Так! Её обман раскрыт. Но Джон — она чувствовала — простил ей обман. Если сердце её сжималось и подкашивались колени, то причиной тому были слова Джона, касавшиеся его матери.
Первым побуждением было ответить, вторым — не отвечать. Эти два побуждения возникали вновь и вновь в течение последующих дней, по мере того как в ней росло отчаяние. Недаром она была дочерью своего отца. Цепкое упорство, которое некогда выковало и погубило Сомса, составляло и у Флёр костяк её натуры — принаряженное и расшитое французской грацией и живостью. Глагол «иметь» Флёр всегда инстинктивно спрягала с местоимением «я». Однако она скрыла все признаки своего отчаяния и с напускной беззаботностью отдавалась тем развлечениям, какие могла доставить река в дождливые и ветреные июльские дни; и никогда ни один молодой баронет так не пренебрегал издательским делом, как её верная тень — Майкл Монт.

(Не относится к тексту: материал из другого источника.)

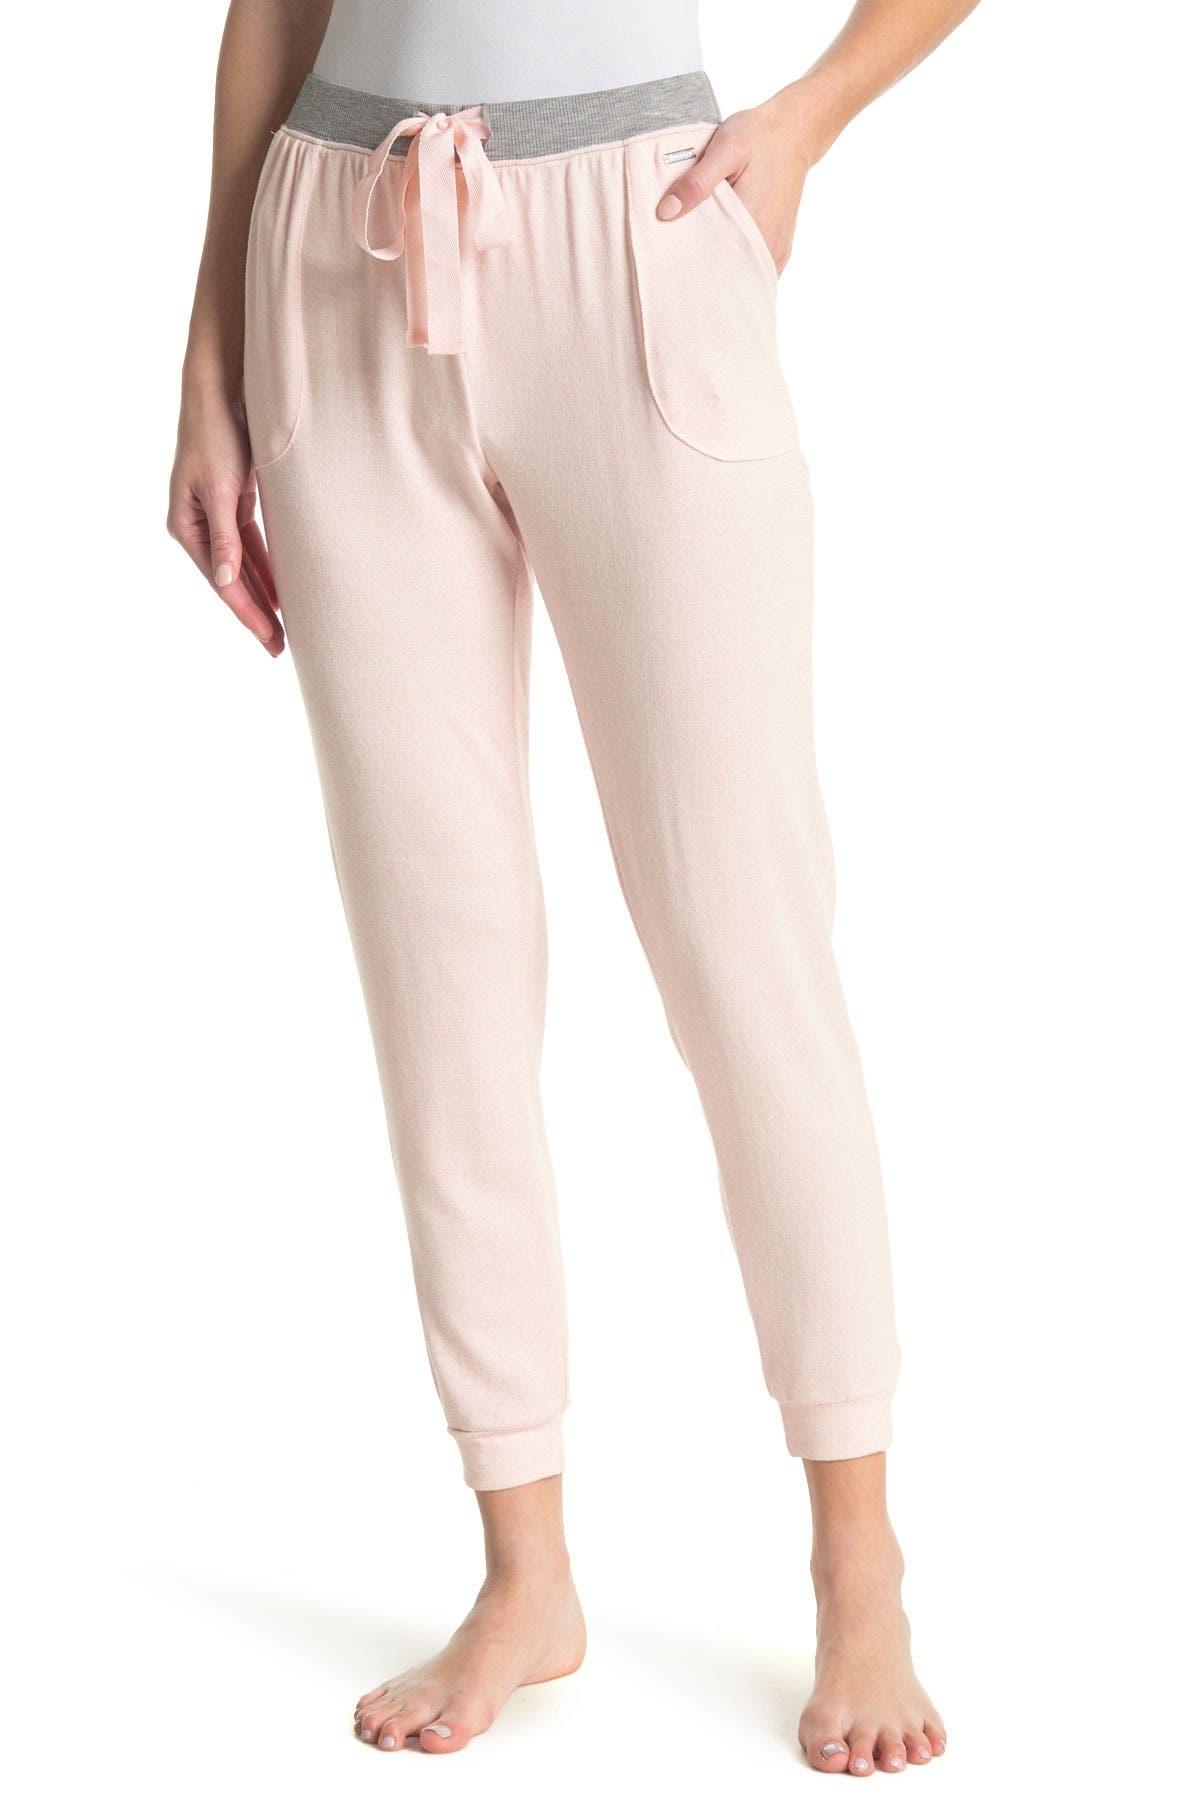 Image of Tahari Pocket Pajama Joggers

Для Сомса Флёр была загадкой. Его почти обманывала её беспечная весёлость. Почти — так как он всё-таки замечал, что глаза её часто глядят неподвижно в пространство и что поздно ночью из окна её спальни падает на траву отсвет лампы. О чём размышляла она в предрассветные часы, когда ей следовало спать? Он не смел спросить, что у неё на уме; а после того короткого разговора в бильярдной она ничего ему не говорила.

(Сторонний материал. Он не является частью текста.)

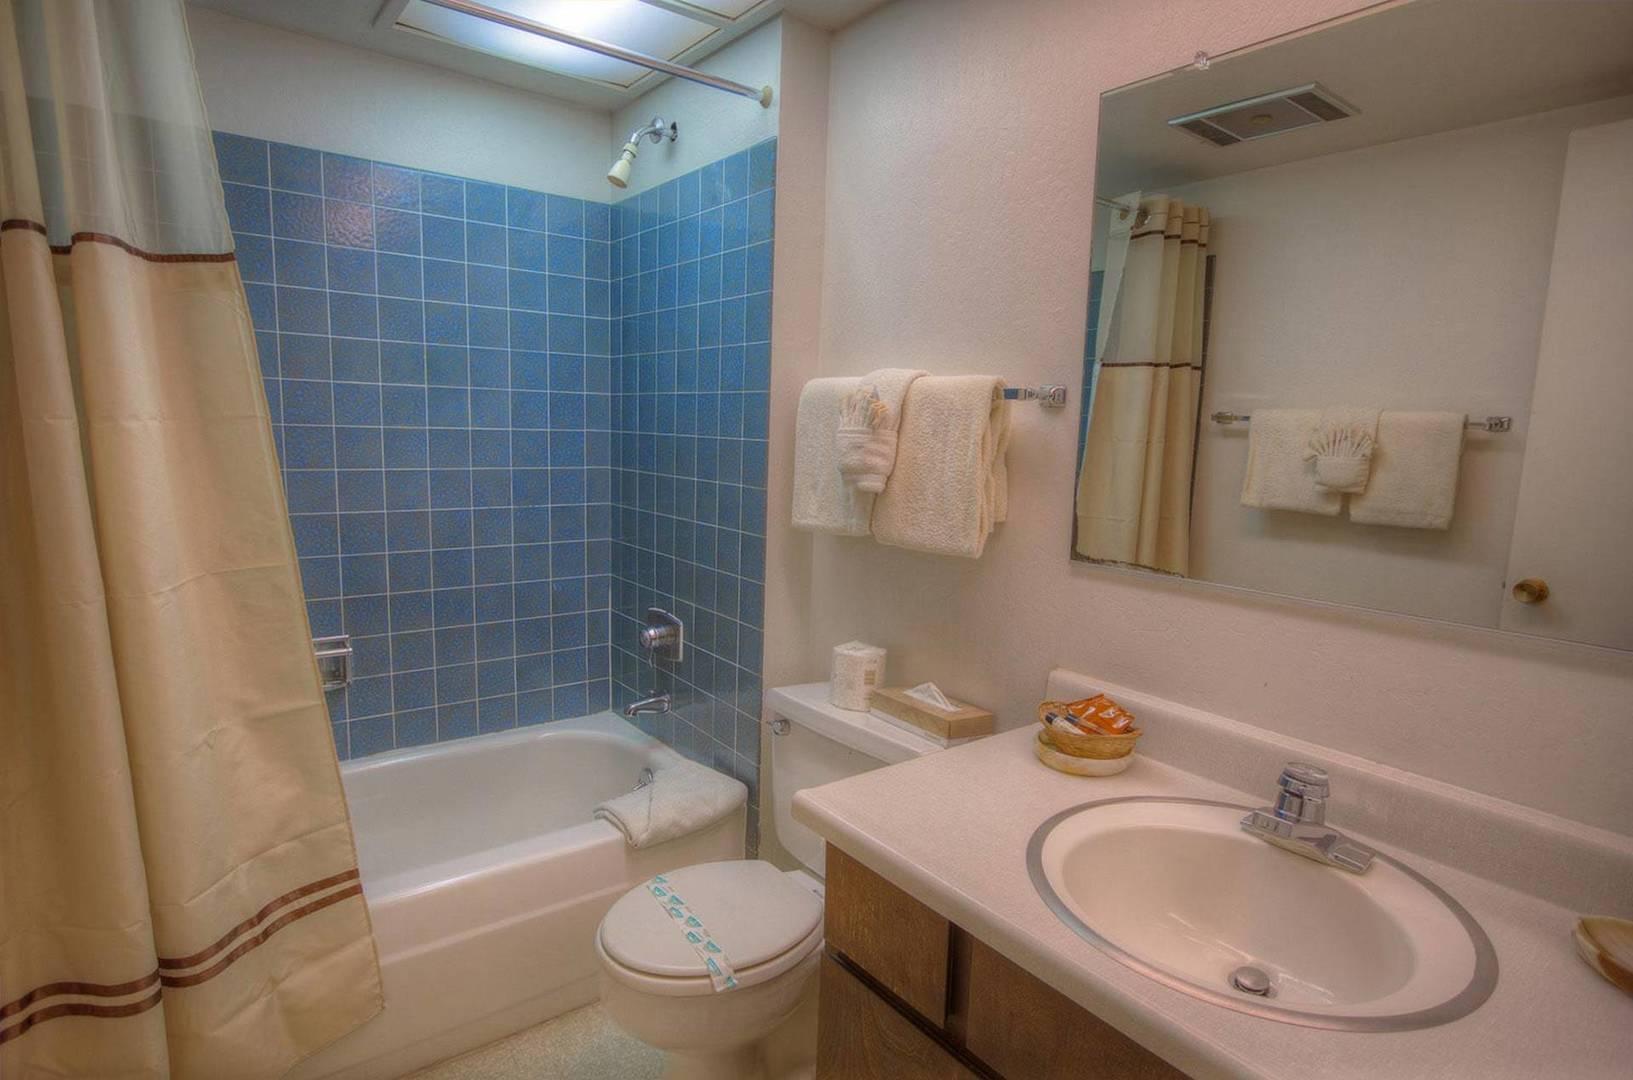 fpc0640 bathroom

В эту-то пору замалчивания и случилось, что Уинифрид пригласила их к себе на завтрак, предлагая после завтрака пойти на «презабавную маленькую комедию — «Оперу нищих», и попросила их прихватить с собою кого-нибудь четвёртого. Сомс, державшийся в отношении театров вполне определённого правила — не смотреть ничего, принял приглашение, так как Флёр держалась обратного правила — смотреть все. Они поехали в город на автомобиле, взяв с собою Майкла Монта, который был на седьмом небе от счастья, так что Уинифрид нашла его «очень забавным». «Опера нищих» привела Сомса в недоумение. Персонажи все очень неприятные, вещь в целом крайне цинична. Уинифрид была «заинтригована»… костюмами. И музыка тоже пришлась ей по вкусу. Накануне она слишком рано пришла в «Оперу» посмотреть балет и застала на сцене певцов, которые битый час бледнели и багровели от страха, как бы по непростительной небрежности не изобразить мелодию. Майкл Монт был в восторге от всей постановки. И все трое гадали, что о ней думала Флёр. Но Флёр о ней не думала. Её навязчивая идея стояла у рампы и пела дуэт с Полли Пичем, кривлялась с Филчем, танцевала с Дженни Дайвер, становилась в позы с Люси Локит, целовалась, напевала, обнималась с Мэкхитом. Губы Флёр улыбались, руки аплодировали, но старинный комический шедевр затронул её не больше, чем если бы он был сентиментально слезлив, как современное «Обозрение». Когда они снова уселись в машину и поехали домой, ей было больно, что рядом с ней не сидит вместо Майкла Монта Джон. Когда на крутом повороте плечо молодого человека, словно случайно, коснулось её плеча, она подумала только: «Если б это было плечо Джона!» Когда его весёлый голос, приглушённый её близостью, болтал что-то, пробиваясь сквозь шум мотора, она улыбалась и отвечала, думая про себя: «Если б это был голос Джона!» И раз, когда он сказал: «Флёр, вы прямо ангел небесный в этом платье!», она ответила: «Правда? Оно вам нравится?» — а сама подумала: «Если б Джон видел меня в этом платье!»